# Wade Steffey



## hardheadjarhead (Jul 24, 2007)

This is late in being posted, but I was away from M.T. for some time.  Forgive me for posting it now.

On January 18th, Purdue freshman Wade Steffey turned up missing.  A search was initiated, and he was nowhere to be found.  Some here may be familiar with the story, as it made the national news.

Wade was one of my black belts.  He started training with me at age eight.  His mother started training at my school as well, and she earned her black belt as well...and eventually taught classes for me.

A number of my school's black belts...friends of Wade's and his mother...helped in the searches for him.

Nine weeks after his disappearance Wade's body was found in an unlocked utility room that Purdue staff hadn't adequately searched.  He'd wandered in there on the night of his disappearance looking to gain access to a dorm to which he had no key.  The area contained dangerously high voltage electrical equipment--but was not marked so.  Apparently while looking for a light switch Wade touched a live wire and was killed instantly.

We buried him seventy years too early, and nine weeks too late.

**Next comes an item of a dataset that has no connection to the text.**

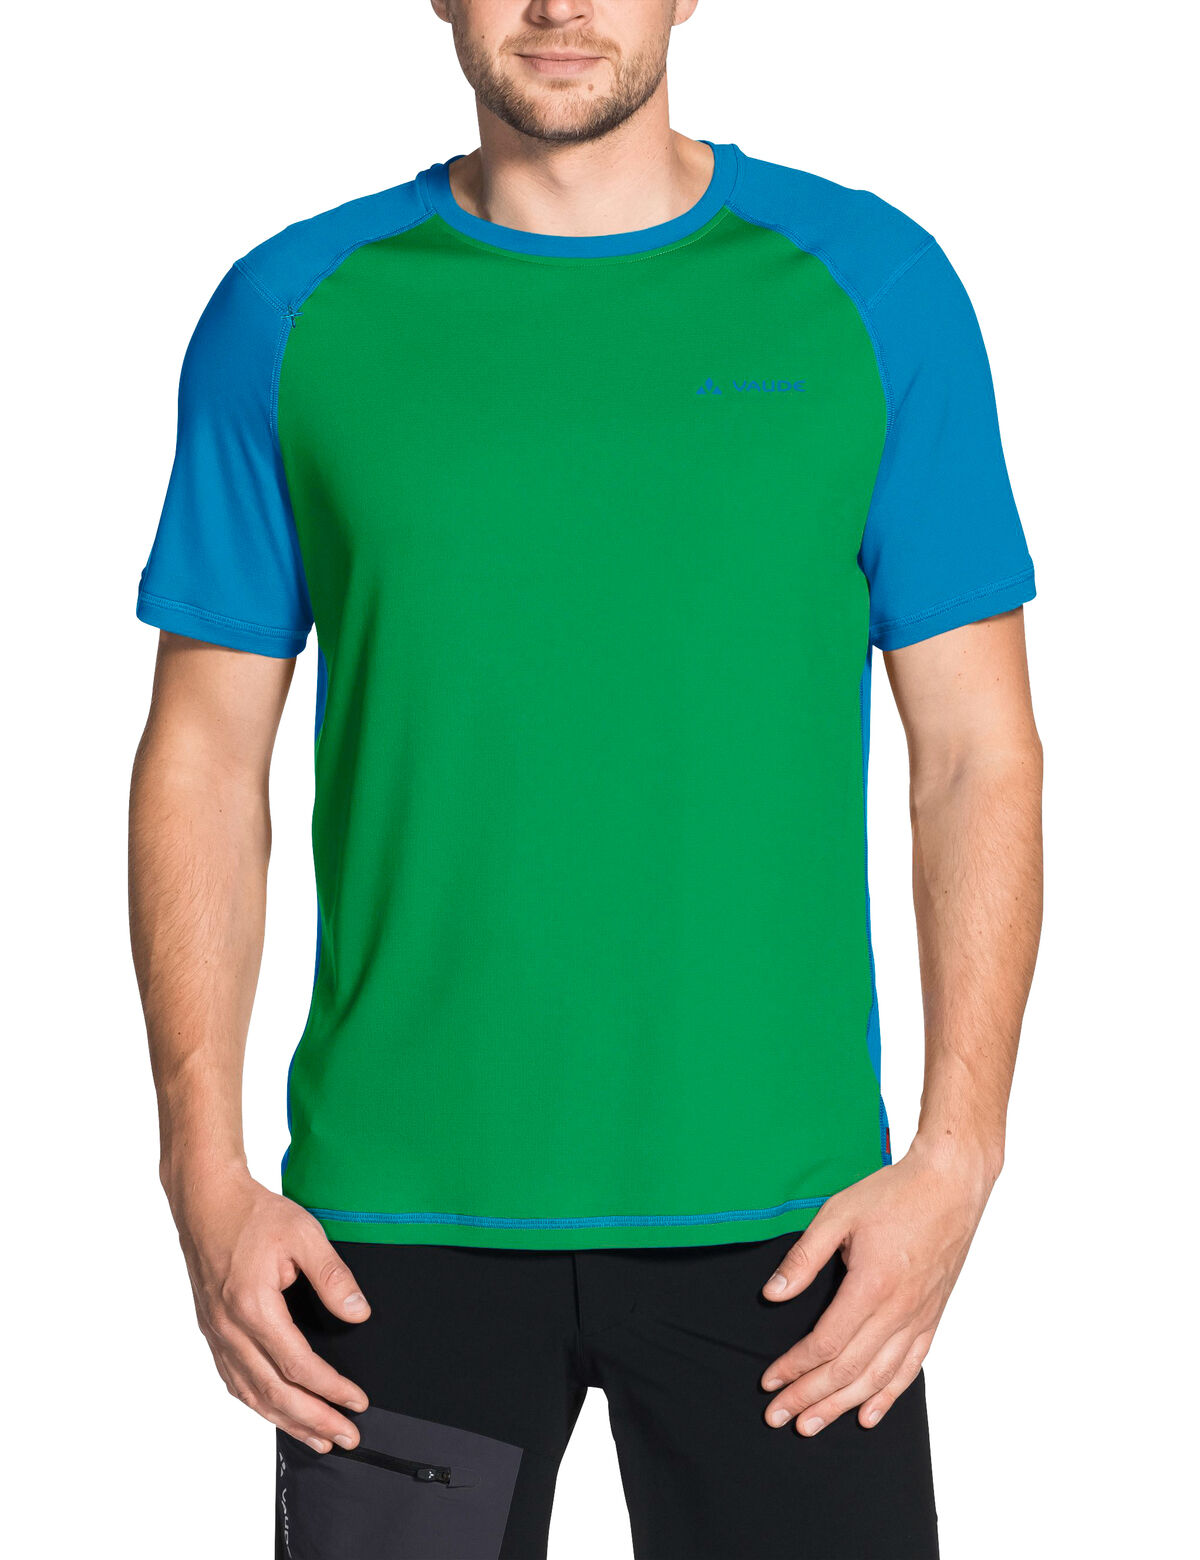 Vaude Hallett Shirt - T-shirt - Men's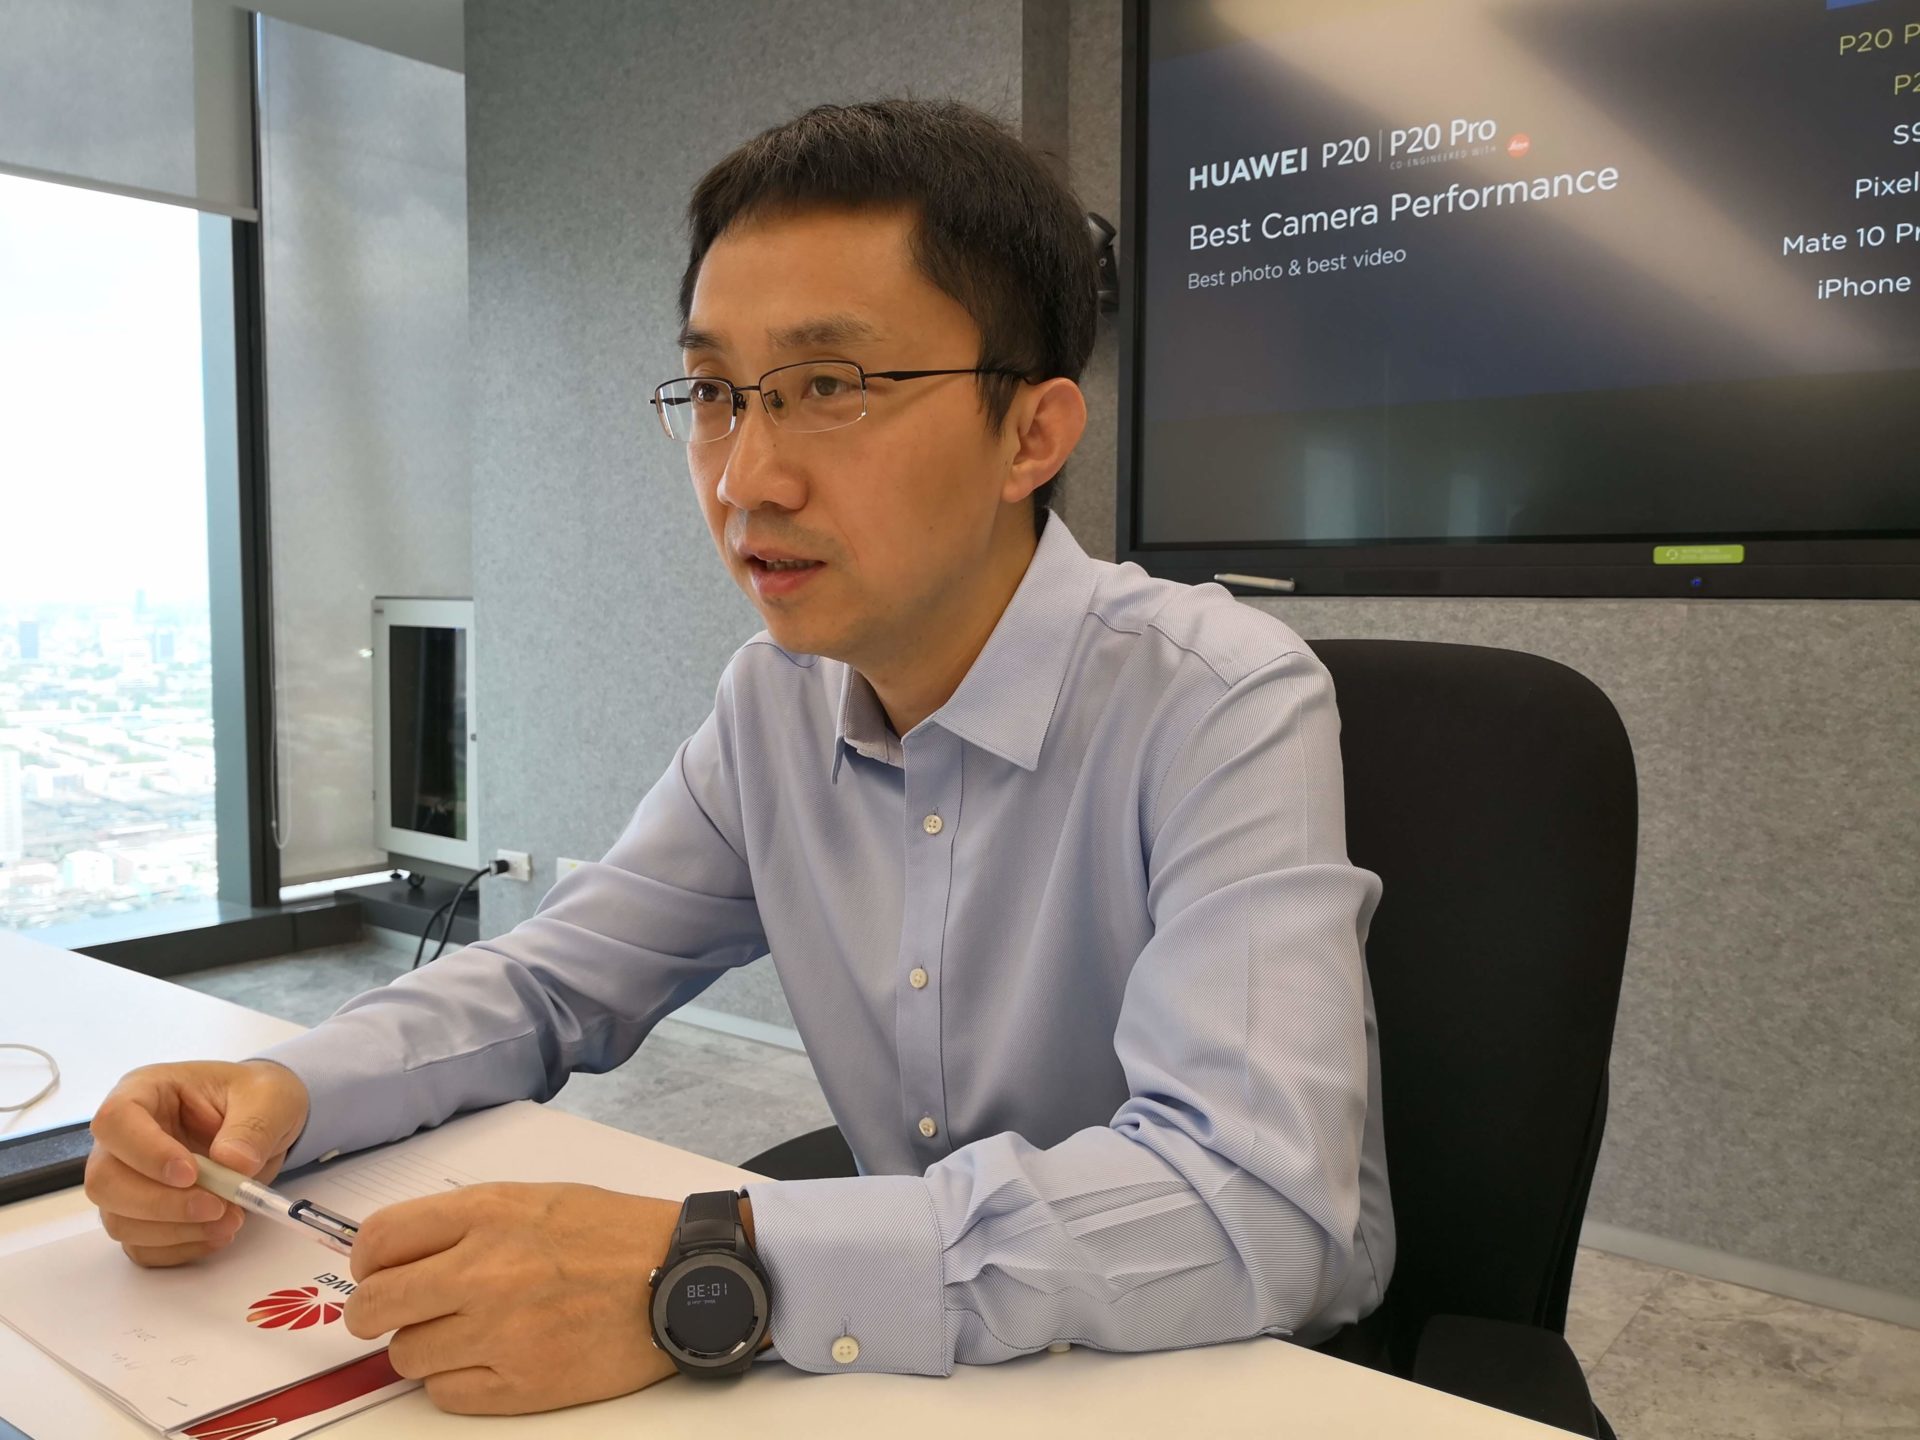 สัมภาษณ์บอสใหญ่ด้านสมาร์ทโฟนของ Huawei : ทำไมต้อง SuperCharge, อนาคตของ Mate จะเป็นยังไง?

His parents honored me by allowing me to be a pall bearer at his funeral.

Requiscat in Pace.


Regards,


Steve


----------



## Carol (Jul 24, 2007)

:asian:


----------



## Sukerkin (Jul 24, 2007)

It is a great sadness when such accidents occur.  Young or old, when someones life is curtailed, the sense of loss is palpable :rei:.


----------



## terryl965 (Jul 24, 2007)

:asian:


----------



## stickarts (Jul 24, 2007)

.


----------



## arnisador (Jul 24, 2007)

.


----------



## Kacey (Jul 24, 2007)

My condolences to all involved.  :asian:


----------



## shesulsa (Jul 25, 2007)

.


----------



## Brian King (Jul 25, 2007)

tears and prayers
RIP

Brian King


----------



## IcemanSK (Jul 25, 2007)

My deepest condolences.:asian:


----------



## Drac (Jul 25, 2007)

:asian:


----------



## Tez3 (Jul 25, 2007)

:asian:


----------